Iqbal plunked himself down on Prem’s sopping mattress. “Is this sweat from your body?” he said, jumping up but immediately sitting back down. “No, it is no problem, it is good, fine, very good.”
Everyone had been painfully nice to Prem since Leena’s engagement, which made him feel doubly pathetic. The gas-station guys covered some of his shifts, and Shanta Bhatt began throwing his laundry in with hers. Even Leena’s friends stopped by with cassettes and Parle-G biscuits. Prem deduced that his roommates had conspired to make sure he was never left alone by putting into place a schedule of sorts, with timeslots available from midmorning into the late-night hours.

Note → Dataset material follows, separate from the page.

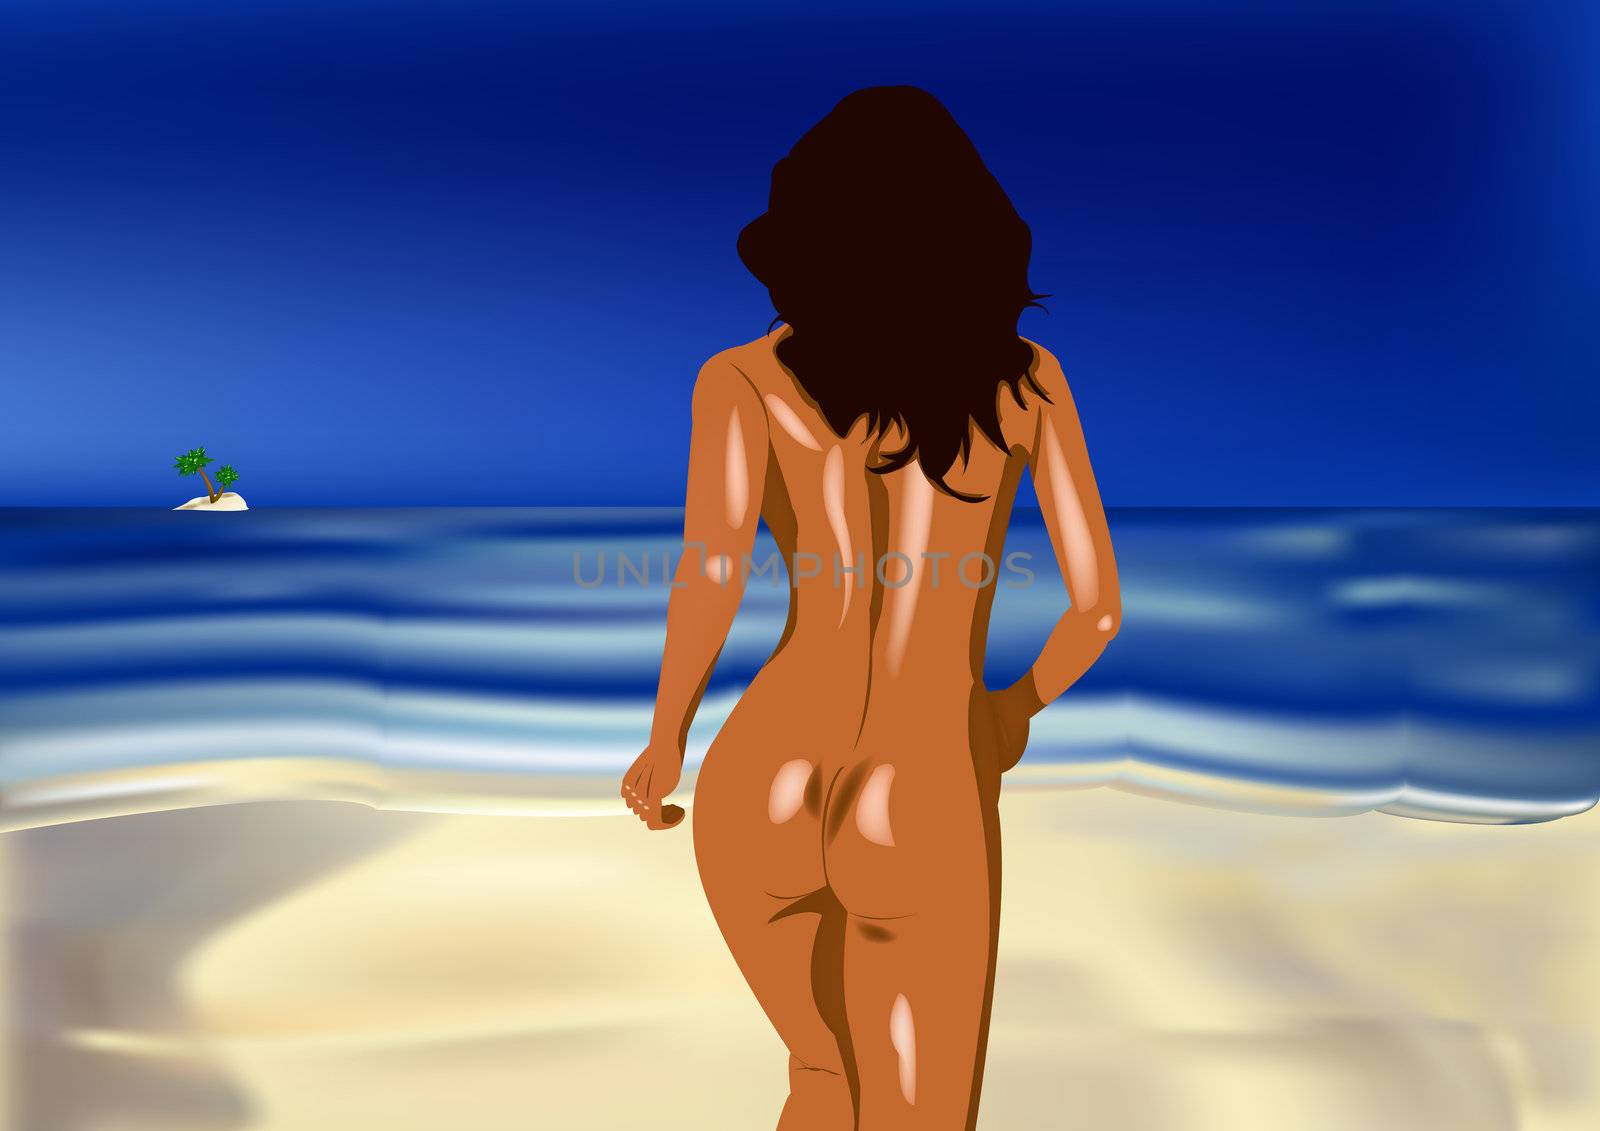 The sexual young suntanned girl runs on a beach to the azure sea

He felt he was being involuntarily babysat, which, in the end, wasn’t such a bad thing.
“Okay, duffers, I need potatoes,” Amarleen said. “Who is going to the store for potatoes for me?”
“I can go,” Prem said.
Lucky quickly jumped in. “No, man, you stay, relax, I will go,” he said.
“Fantastic,” Amarleen said. “Next, bathroom is disgusting. I am not a servant here. Who is cleaning it?”
“I will clean it,” Prem said.
“No, man,” Lucky said. “Gopal can do it.”